BLICK: Marc Hirschi, es gab viele Spekulationen rund um Ihren Wechsel zum UAE Team Emirates. Wie haben Sie diese wahrgenommen?
Marc Hirschi: Sport ist Unterhaltungs-Business. Es ist doch klar, dass viel geredet und geschrieben wird.
Der BLICK schrieb unter anderem: «Hirschi will kein Rad-Soldat mehr sein» und «Hirschi wird Millionär».
Jeder darf denken, was er will. Das ist normal. Wenn ich Journalist wäre, würde ich wohl auch schreiben, was die Leute lesen wollen.
Wie verändert Geld eine Person?
Vielleicht muss ich mir in den Ferien künftig weniger häufig überlegen, ob ich mir etwas wirklich leisten kann oder nicht. Aber ich selbst ändere mich deswegen nicht, ich bin immer noch der Marc von früher. Ich habe allerdings Respekt davor, dass mich die Leute nun wegen des Geldes nun anders sehen.
Waren die Finanzen entscheidend für den Transfer?
Auf keinen Fall. Ich wollte einen Tapetenwechsel, suchte eine sportliche Challenge. Das UAE Team Emirates war in der letzten Saison die drittbeste Mannschaft, viele verschiedene Fahrer holten Siege, die jungen haben sehr gut performt. Das hat mich gereizt. Gleichzeitig ist das Team im Bereich Wissenschaft und Ernährung extrem weit. Langfristig bringt mich dieser Wechsel weiter.
Langfristig?
Ich will erneut sofort Erfolg haben, logisch. Aber ich habe herausgefunden, dass ich dann am meisten lerne, wenn es schwierig wird. Das war schon früher immer so. Es muss manchmal nach unten gehen, damit es wieder nach oben geht.
Über die Hintergründe seines Wechsels – Hirschi hatte beim Team DSM noch einen laufenden Vertrag – will der Berner nicht reden. Und schon gar nicht über die Spekulationen einiger holländischen Medien. Kein Wunder: Beide Teams haben eine Schweige-Vereinbarung.
Ihr neuer Teammanager Mauro Gianetti hat bei vielen einen schlechten Ruf wegen seiner Vergangenheit. Ihm wurde Doping-Missbrauch vorgeworfen – als Fahrer und Sportlicher Leiter. Befürchten Sie nicht, dass dies auf Sie abfärben könnte?
Es liegt nicht an mir, seine Vergangenheit zu kommentieren.
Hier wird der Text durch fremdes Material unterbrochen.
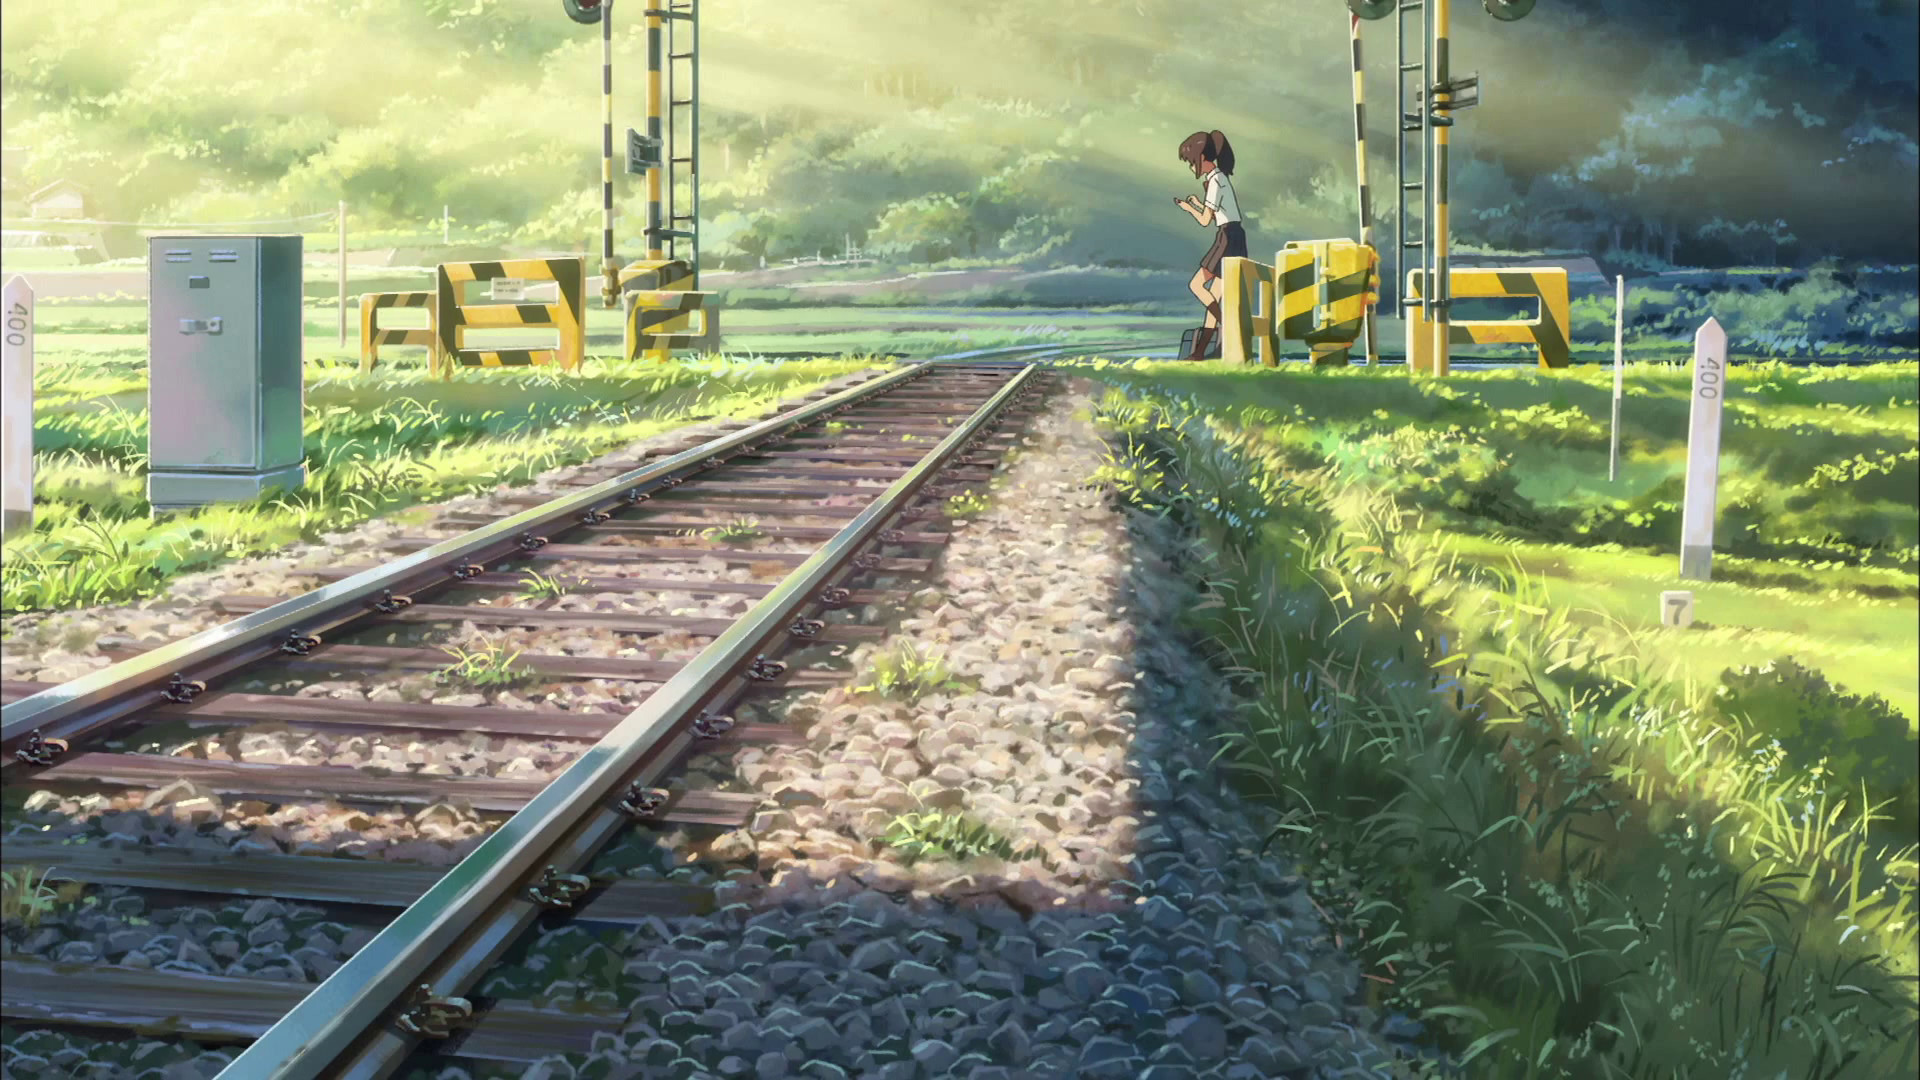 1920x1080 åã®åã¯ã (Kimino Na Wa - your name) - Makoto Shinkai | Makoto Shinkai |  Pinterest | Anime scenery, Anime and Animation

Bei den Verhandlungen hat er mich überzeugt, er ist sehr nahe am Team. Ihm ist es wichtig, eine Spass-Atmosphäre zu haben, alles soll familiär sein, Grüppchen darf es nicht geben. Und daneben wird hart trainiert.
Benutzen Sie das Rad-Wundermittel Ketone?
Nein. Ich habe es auch nie probiert.
Es ist nicht verboten und einige Top-Teams wie Jumbo-Visma setzen es bewusst ein.
Ich glaube nicht, dass Ketone so viel ausmacht. In meiner Karriere geht es derzeit um viel mehr.
Worum?
Mein Körper muss robuster werden. Aber mit den Jahren wird diese Härte auch kommen. Ich bin erst 22 Jahre alt und muss mir natürlich auch noch Zeit geben.
Wie ist es eigentlich in der Wüste?
Gar nicht so schlecht (schmunzelt). Kamelfleisch habe ich zwar gegessen, aber nur wenig – es hat mir nicht geschmeckt. Ansonsten sind die Trainingsbedingungen gut und die Leute sehr gastfreundlich.
Sie sind in ihrem dritten Profi-Jahr und nun ein Star. Was vermissen Sie von Ihrem alten Leben?
Die Tage daheim kann ich je länger, desto mehr an einer Hand abzählen. Ich erinnere mich an meine KV-Zeit: Damals wollte ich am liebsten herumreisen. Jetzt ist es umgekehrt – ich würde am liebsten zu Hause bleiben. Aber das gehört dazu. Ein normaler Job hat auch Nachteile, ich beklage mich also keinesfalls.